Among her books are:
The Drama of the Gifted Child: The Search for the True Self, (1979)
The Untouched Key: Tracing Childhood Trauma in Creativity and Destructiveness. (1988)
Banished Knowledge: Facing Childhood Injuries, (1988)
Breaking Down the Wall of Silence: The Liberating Experience of Facing Painful Truth, (1990)
For Your Own Good: Hidden Cruelty in Child-Rearing and the Roots of Violence 1990
The Truth Will Set You Free: Overcoming Emotional Blindness and Finding Your True Adult Self, (2001)
The Body Never Lies: The Lingering Effects of Cruel Parenting, (2006)
In her first book she wrote:
“ Experience has taught us that we have only one enduring weapon in our struggle against mental illness: the emotional discovery and emotional acceptance of the truth in the individual and unique history of our childhood." So twentieth century. Still that is not our purpose right now.
Miller liked to find confirmation for her ideas in the biographies of artists. Here is something she wrote in For Your Own Good:
Paul Klee is reknowned as a great painter of magical and poetic canvases. His only child may have been the one person who was familiar with his other side...Felix Klee, the painter's son.[said] ..:"He had two sides, he was full of fun; but he [was] also capable of playing his part in my upbringing by giving me an energetic whipping." Paul Klee made wonderful [puppets], presumably for his son.."He admitted that when I was at school he sometimes put on a performance for the cat..."
Miller's point is that the fact the father put on puppet shows for the child, is considered a reason not to blame the father for the beatings of his son.

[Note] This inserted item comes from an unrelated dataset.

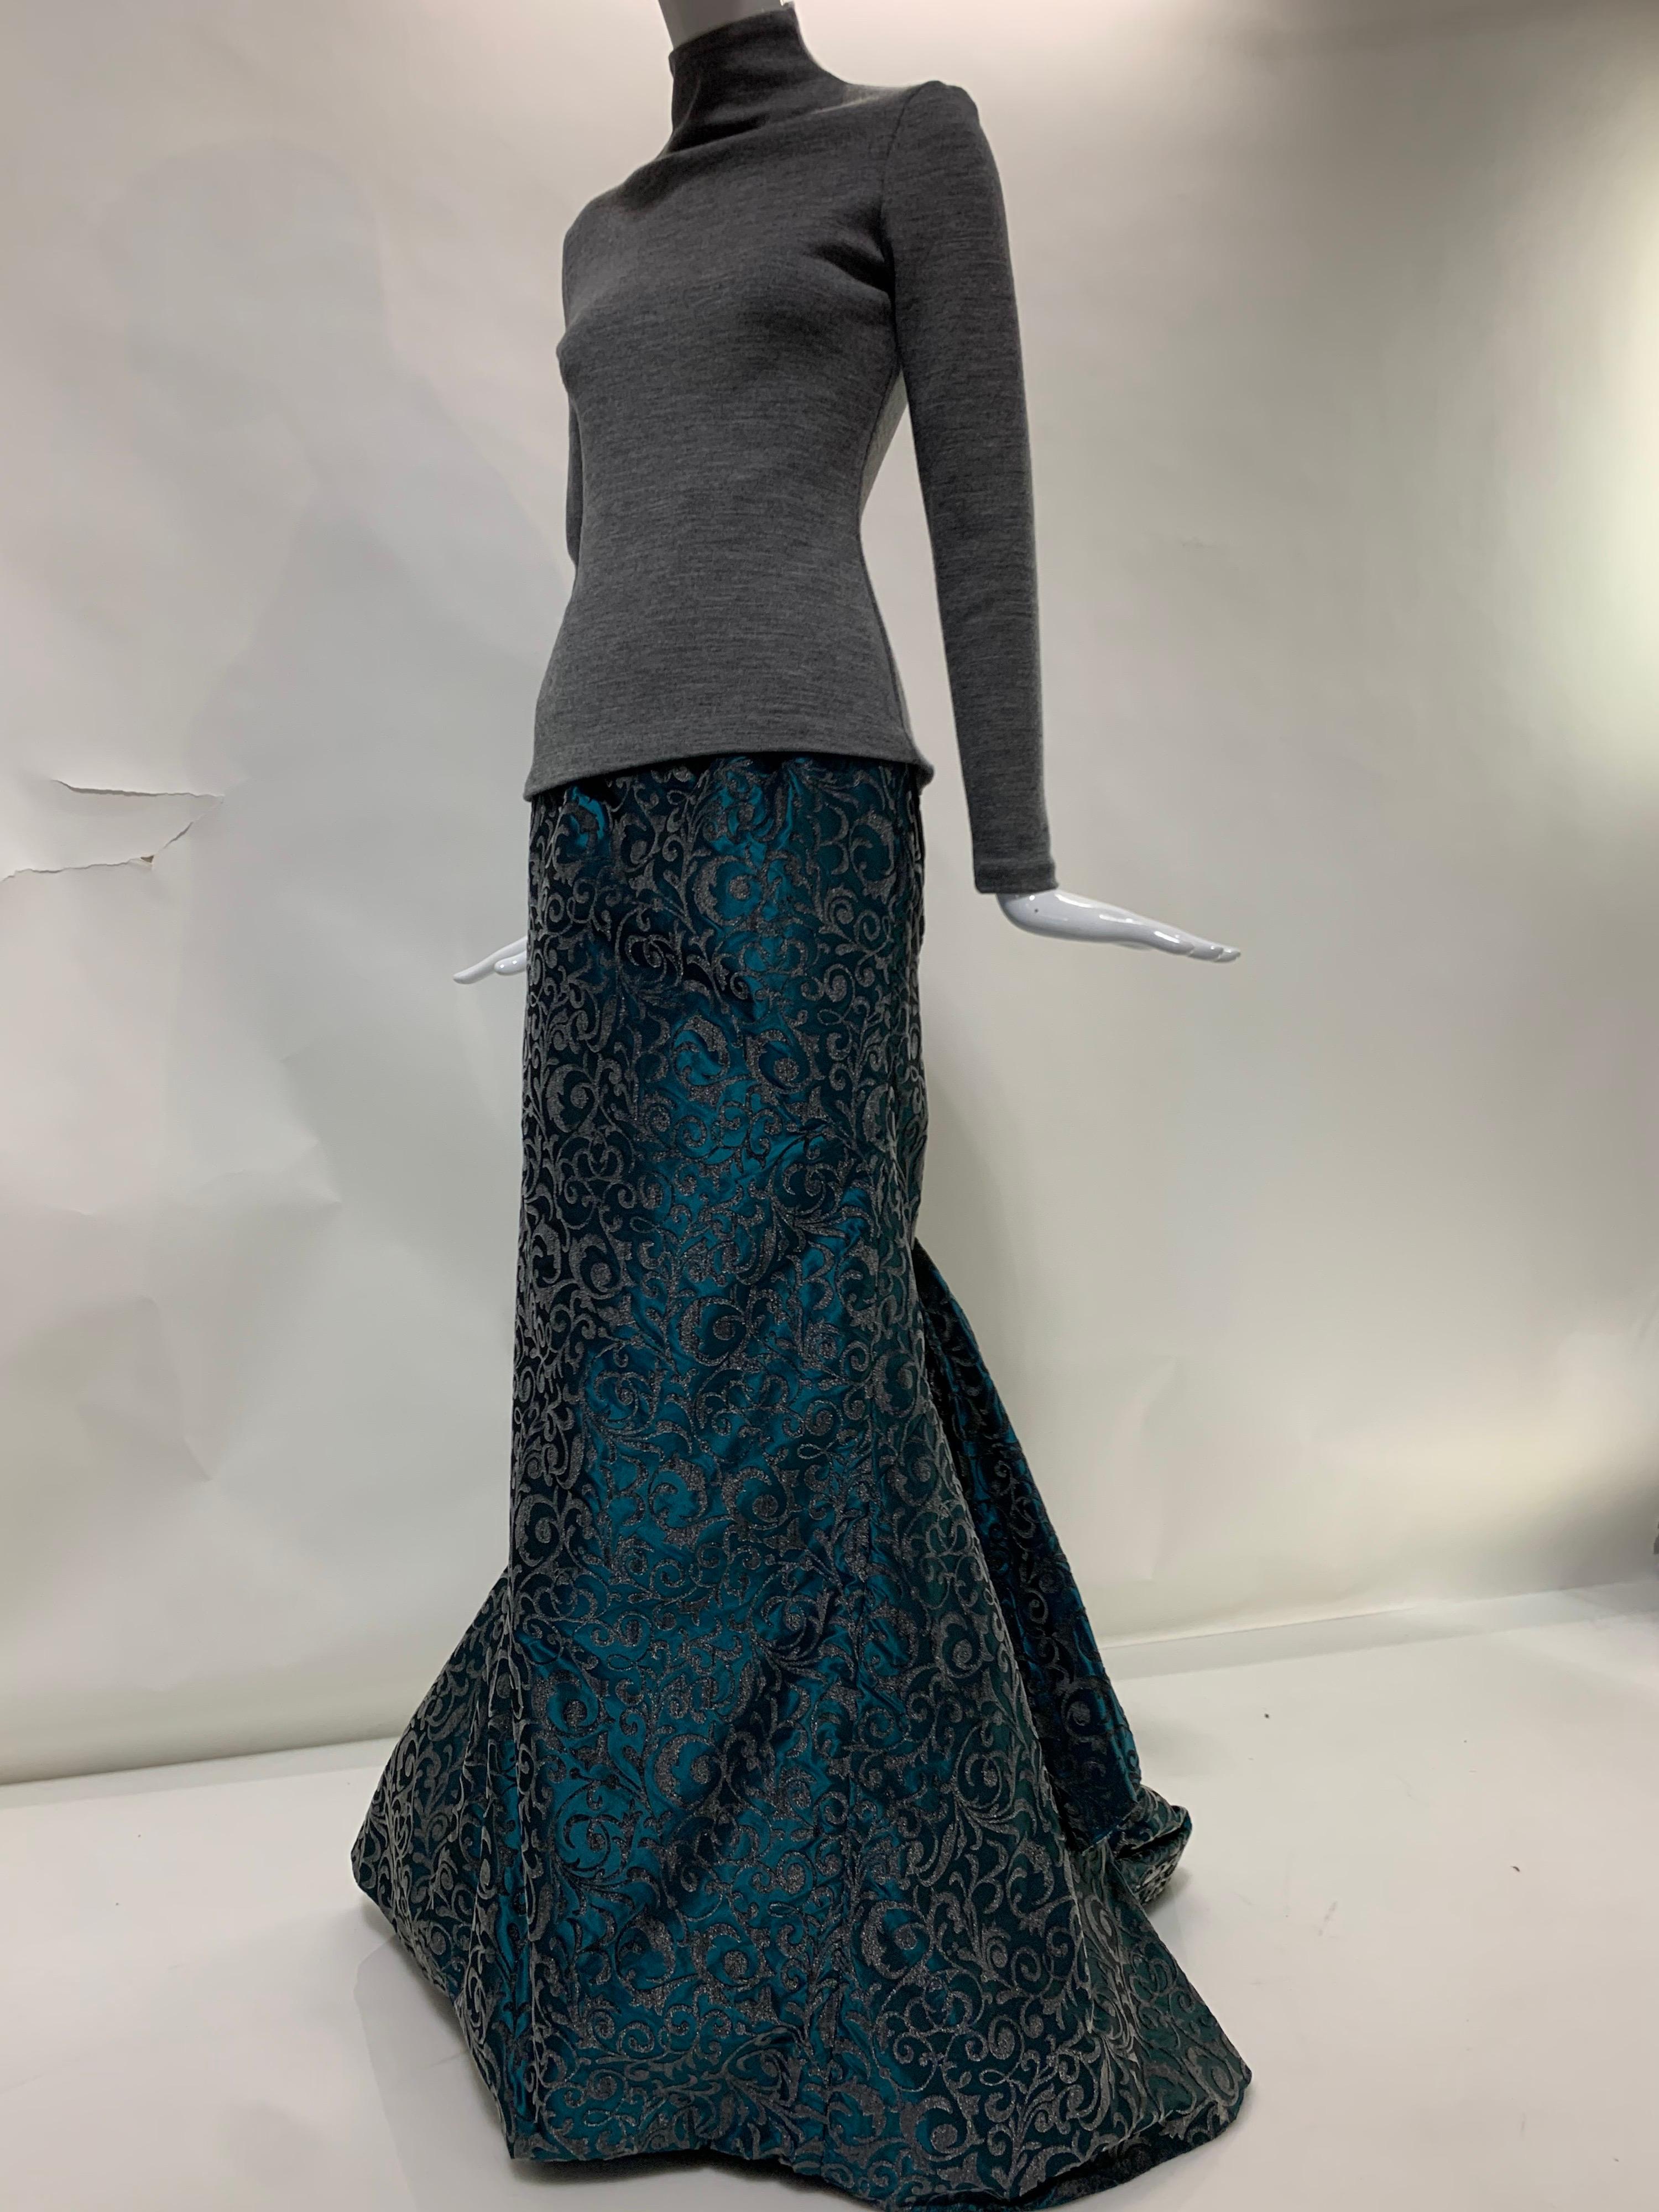 1990s Michael Casey Couture 2-piece ensemble consisting of a grey high neck knit sweater with long sleeves and back zipper and a floral flocked teal silk taffeta formal skirt, caught up in a low bubble train at the back of the knees and supported by
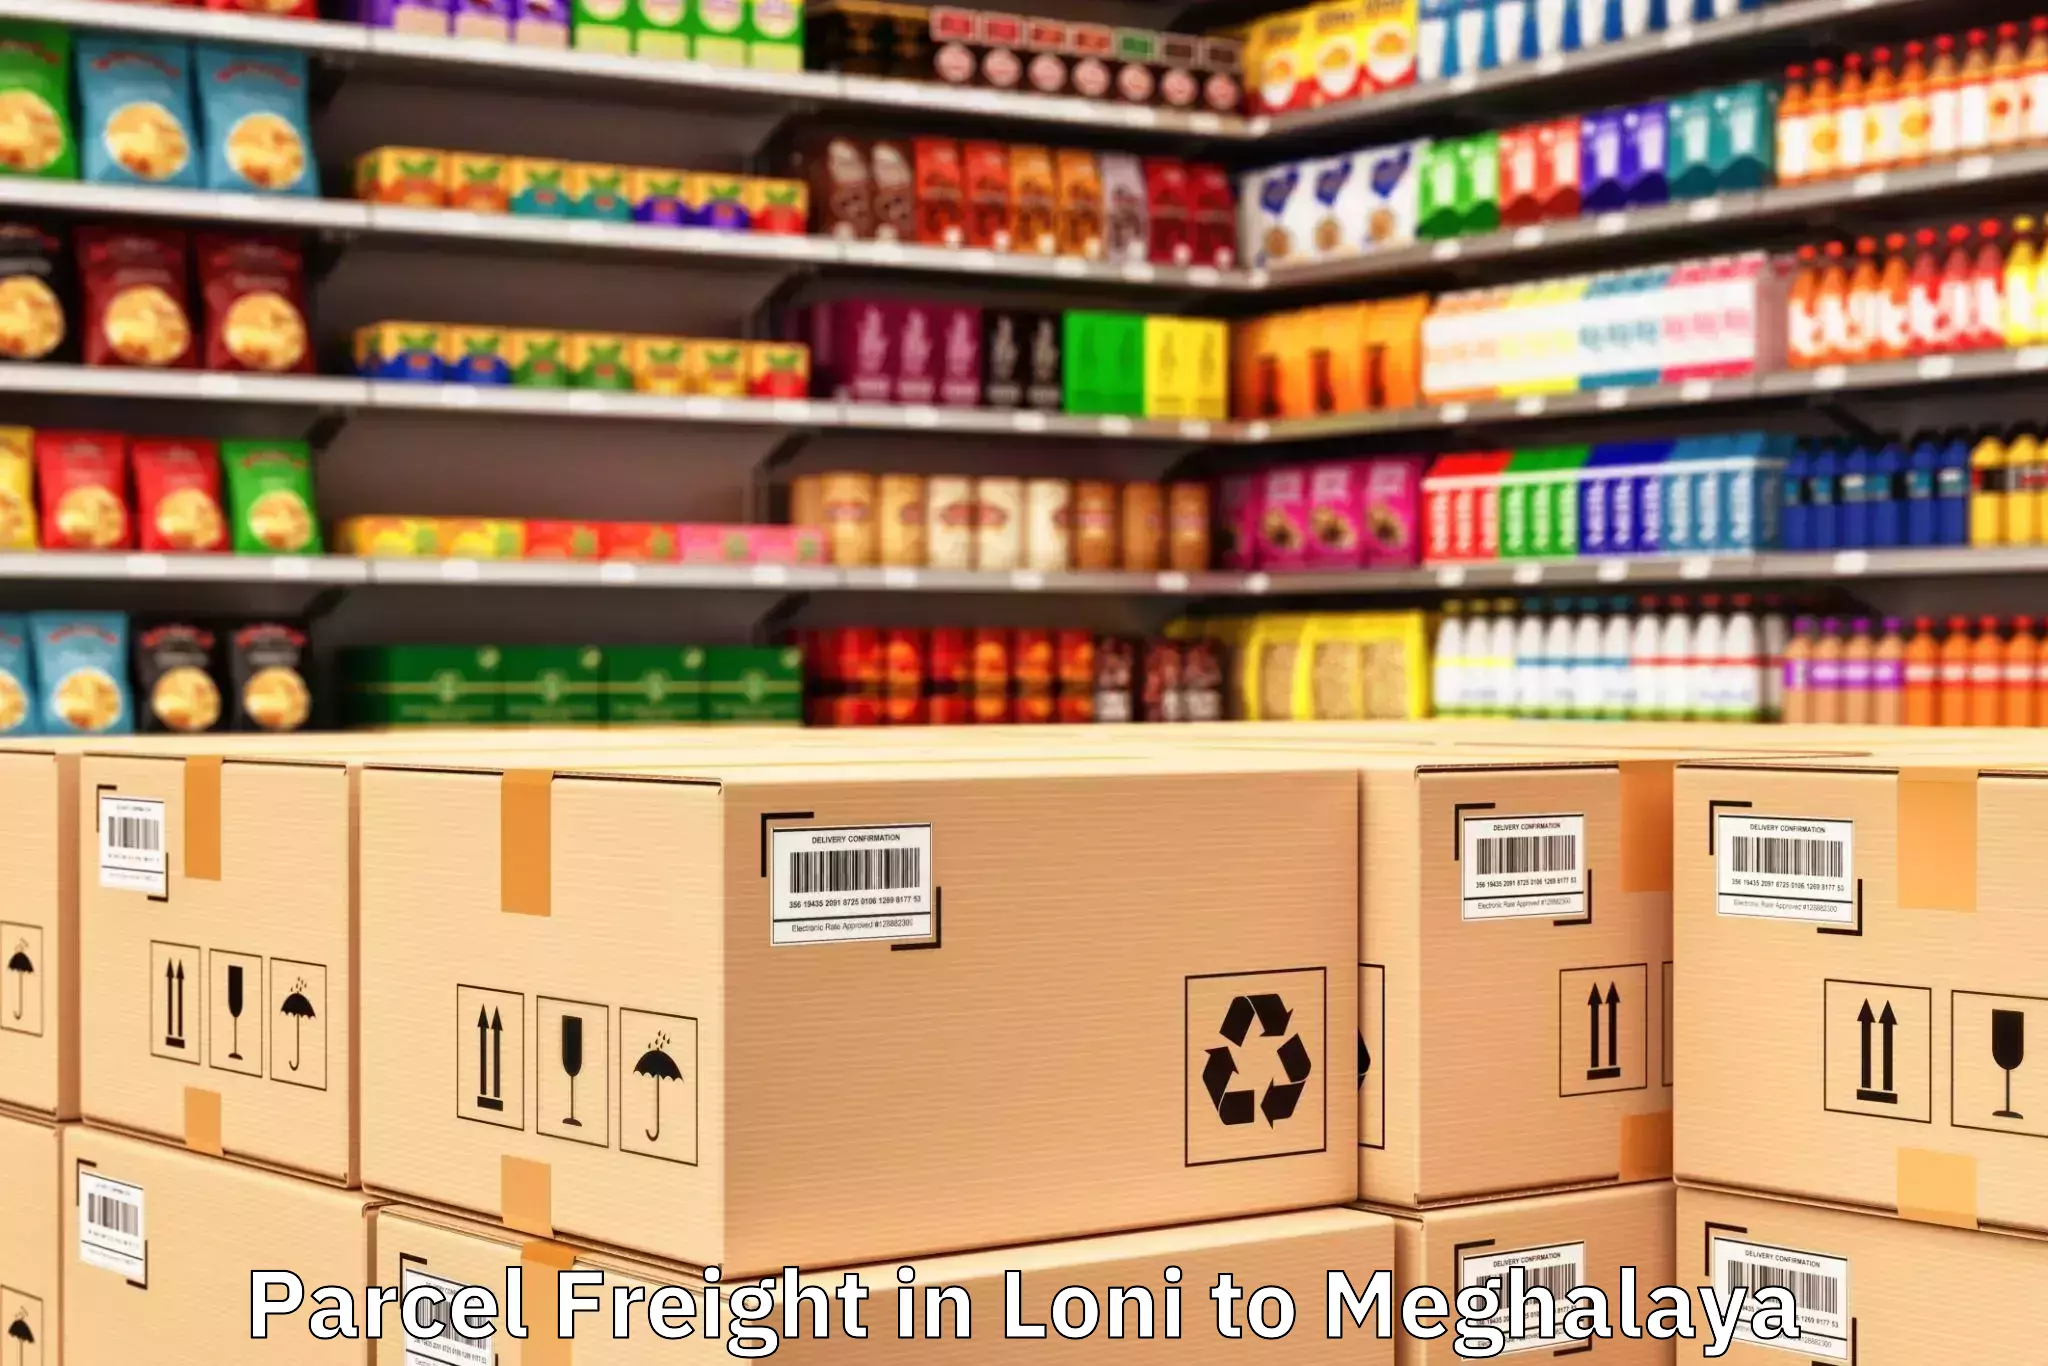 Affordable Loni to Meghalaya Parcel Freight

She goes on:
I have used this example to help readers free themselves from the cliches about good or bad parents. Cruelty can take a thousand forms and it goes undetected even today because the damage it does to the child and the ensuing consequences are still so little known.
Miller thinks society has conspired to prevent children from understanding how they have been abused.
Understand we are not talking here about what normally counts as child abuse. That is not her focus, but rather the psychological cruelty children suffer and how it is hidden from everyone's sight by the emphasis on the parents' good intentions and the advice to forgive your parents. She points to the biblical commandment to honor thy parents as evidence of social forces that encourage amnesia about the pervasive extent of psychological child abuse.
No doubt a lot of what Miller points to is cruelty. But the answer at some point is surely to understand others through ourselves, not ourselves through our parents. At some point the chin up attitude must be to say we have all made mistakes, and forgive your parents and get on with life. Miller's scenario forbids this forgiveness and frankly overestimates the importance of reason in an irrational world. Miller's viewpoint seems like it just keeps people fretting about things they should have let go off a long time ago. The subjects she focuses on did not suffer more than anybody else and at some point you say I have other things to do with my life besides revealing a global conspiracy to hide subtle cruelty. I will be happy just making sure I myself do not do this. The growth is in forgiveness.